Куда Антон Павлович девался после спектакля? Обыкновенно бывало, что собирались компанией в ресторане. Чехова ждали к ужину у Сувориных, где, по рассказам, после всякой премьеры всегда было много народу. Чехова не было ни в актерском ресторане, ни у Суворина. Его никто не видал. Сохранилась легенда, что он долго бродил по набережной, в эту осеннюю ветреную ночь, простудился и захватил тяжелый недуг, сокративший его жизнь.
На другое утро он уехал из Петербурга даже не повидавшись ни с кем. Своим он послал:
Пьеса шлепнулась и провалилась с треском. В театре было тяжелое напряжение недоумения и позора. Актеры играли гнусно, глупо. Отсюда мораль: не следует писать пьес.
5
Суд публики театральной тем мучительнее суда читателей, что повесть кто-то когда-то прочтет, где-то кто-то напишет критическую статью, а здесь сначала тысячеголосая толпа швырнет тебе прямо в лицо свой суд, скорый, непроверенный, безжалостный, а потом еще несколько дней все газеты разом будут осуждать твой труд на основании бывшего спектакля.

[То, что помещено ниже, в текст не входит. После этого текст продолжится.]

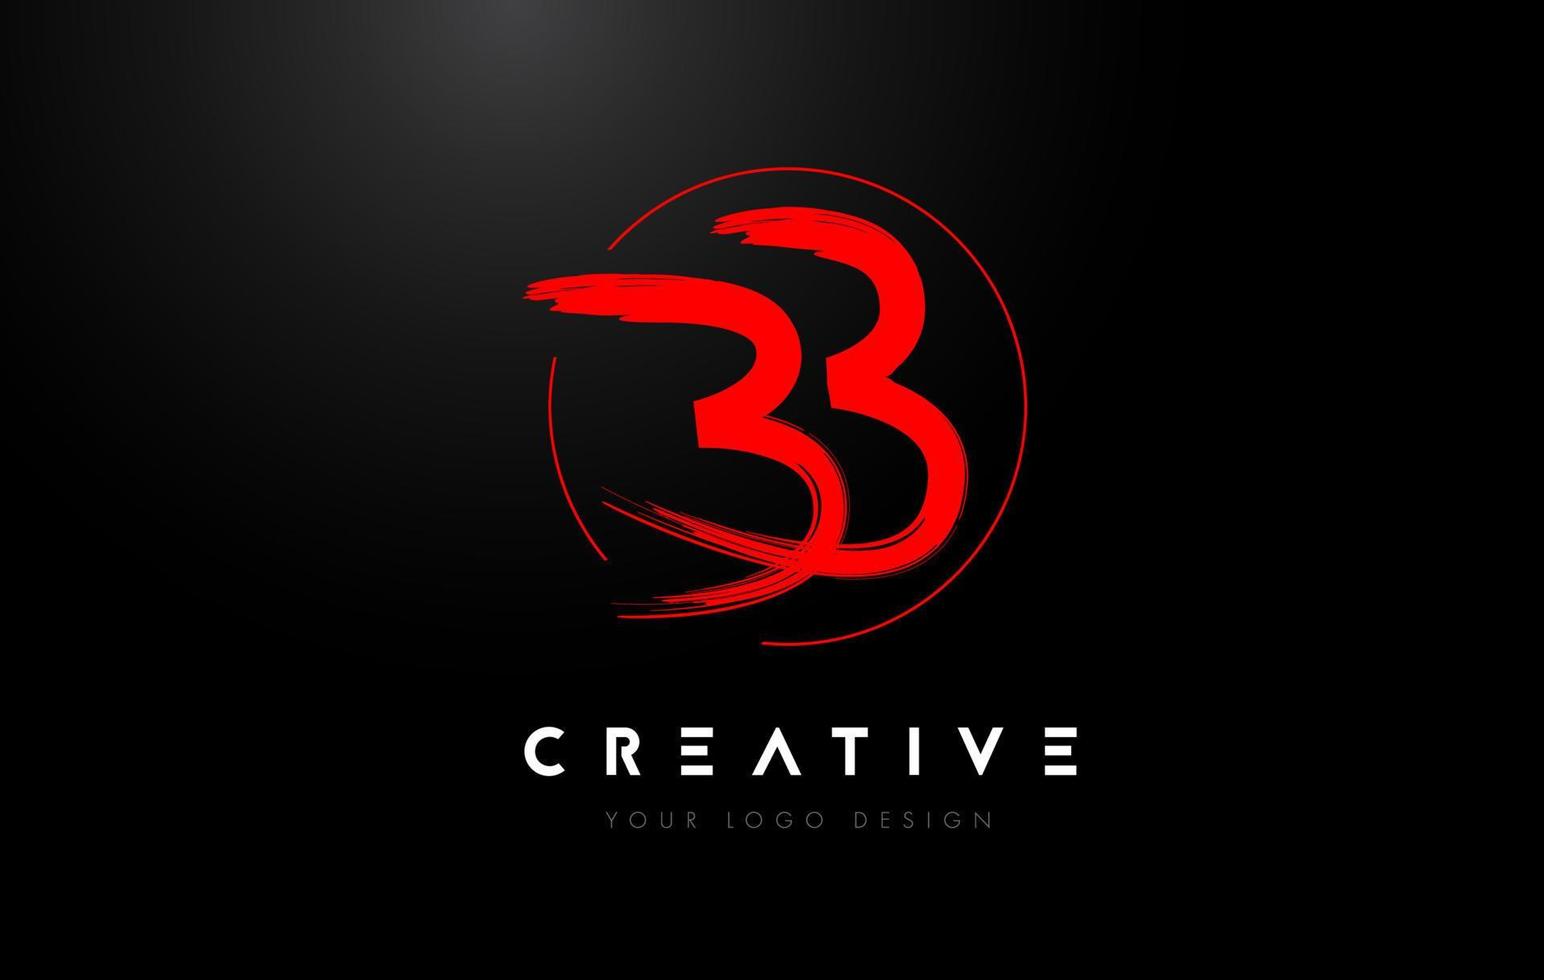 création de logo de lettre de brosse bb rouge. concept artistique de logo de lettres manuscrites. vecteur

Островский все последние годы жизни никогда не бывал на своих премьерах и совсем не читал рецензий. «Чайку» хвалил один Суворин. Остальные писали:
«… точно миллионы пчел, ос, шмелей наполнили воздух зрительного зала», «лица горели от стыда», «со всех точек зрения, идейной, литературной, сценической, пьеса Чехова даже не плоха, а совершенно нелепа», «пьеса невозможно дурна», «пьеса произвела удручающее впечатление как вовсе не пьеса и не комедия», «это не чайка, а просто дичь…»
{81} Это про одно из самых поэтических произведений русской литературы!

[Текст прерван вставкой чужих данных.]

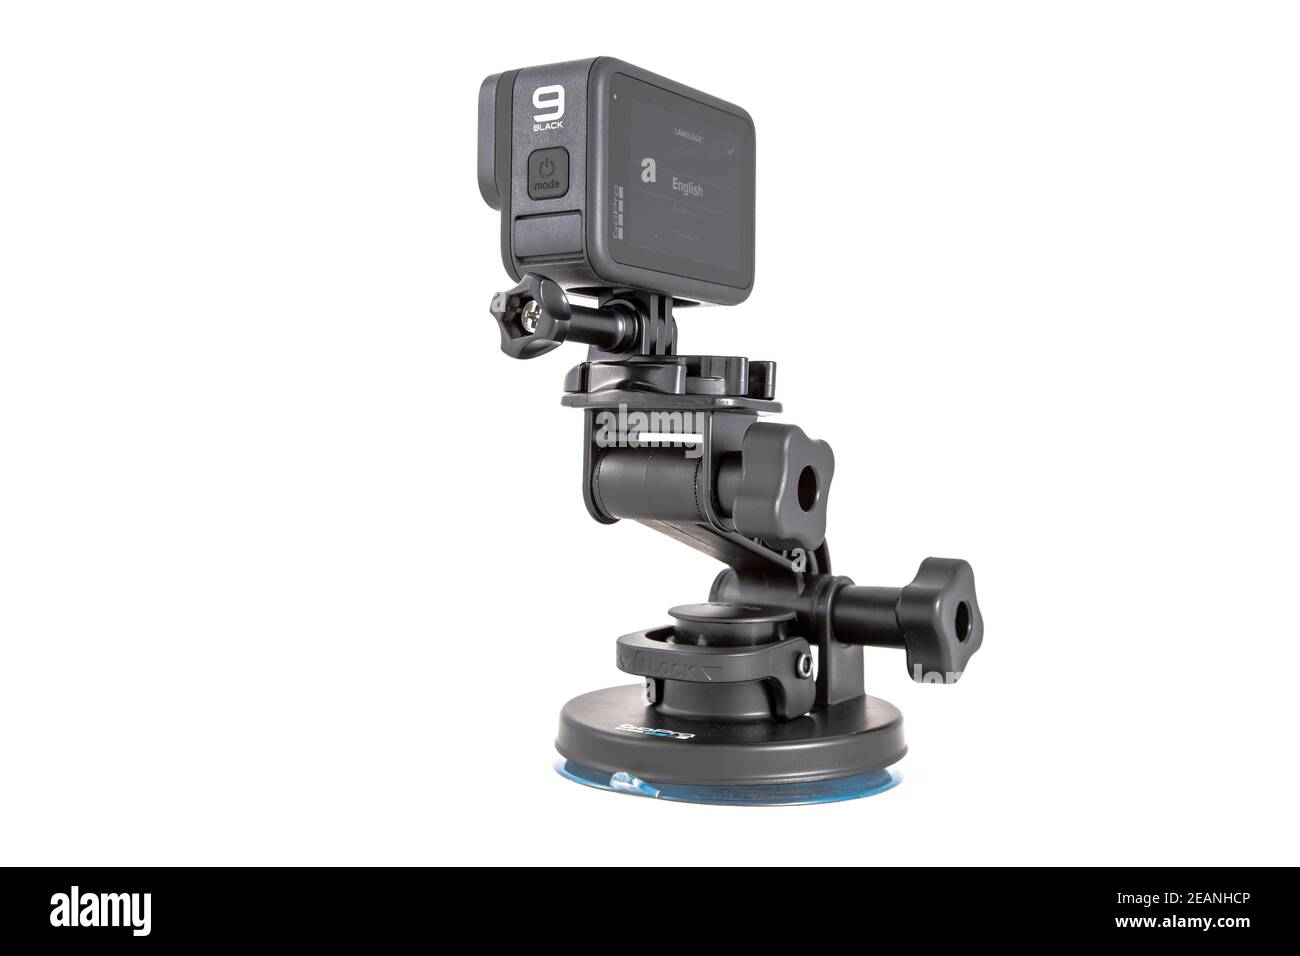 moscou, russie - Novemner 11, 2020: Nouvelle caméra d'action phare gopro HERO 9 noir sur le trépied d'accessoire original. Isolé sur fond blanc. Banque D'Images

Как раз на весь этот месяц (октябрь) я уезжал из Москвы в глушь написать свою «Цену жизни». Чехов писал мне:
Моя «Чайка» имела в Петербурге в первом представлении громадный неуспех. Театр дышал злобой, воздух сперся от ненависти, и я, по законам физики, вылетел из Петербурга как бомба. Виноваты ты и Сумбатов, так как это вы подбили меня писать пьесу.
Еще из одного его письма:
Никогда я не буду пьес этих ни писать, ни ставить, если даже проживу семьсот лет.
Глава пятая
1
В этом же сезоне я поставил «Цену жизни». В Москве в бенефис Ленского, в Петербурге в бенефис Савиной. И там, и там успех определился о первого же акта и перешел в овационный. Московская газета писала: «Вчера был двойной бенефис — Ленского и автора», а в Петербурге, во время многочисленных вызовов, Савина спрашивала меня:
«Да чей же это бенефис — мой или ваш?»
Было много очень хвалебных статей.
Я вовсе не хочу, чтобы вы, читающий эти строки, сказали: «скромничает» или наоборот, «рисуется». Я знаю сам, что в «Цене жизни» имеются сценические достоинства. Я готов был бы ввести в курс драматургической техники первый и третий акты как образцы: первый — мастерской экспозиции, третий — ведения сценического диалога. И его же как образец особенной смелости: построить весь акт, да еще кульминационный, на двух лицах и на чтении большого письма. Можно указать еще на достоинства — умелое ведение интриги, хорошие роли и проч., и проч. Но чтобы между судьбами этих двух пьес на одних и тех же подмостках на протяжении нескольких месяцев была такая несоизмеримая разница, — надо, чтоб в самом театре было что-то глубоко неблагополучно. {82} Надо, чтобы старый театр дошел до крайних границ своей выразительности. До тех границ, где круг требований строго замкнут, где совершенно отсутствует свободная художественная атмосфера.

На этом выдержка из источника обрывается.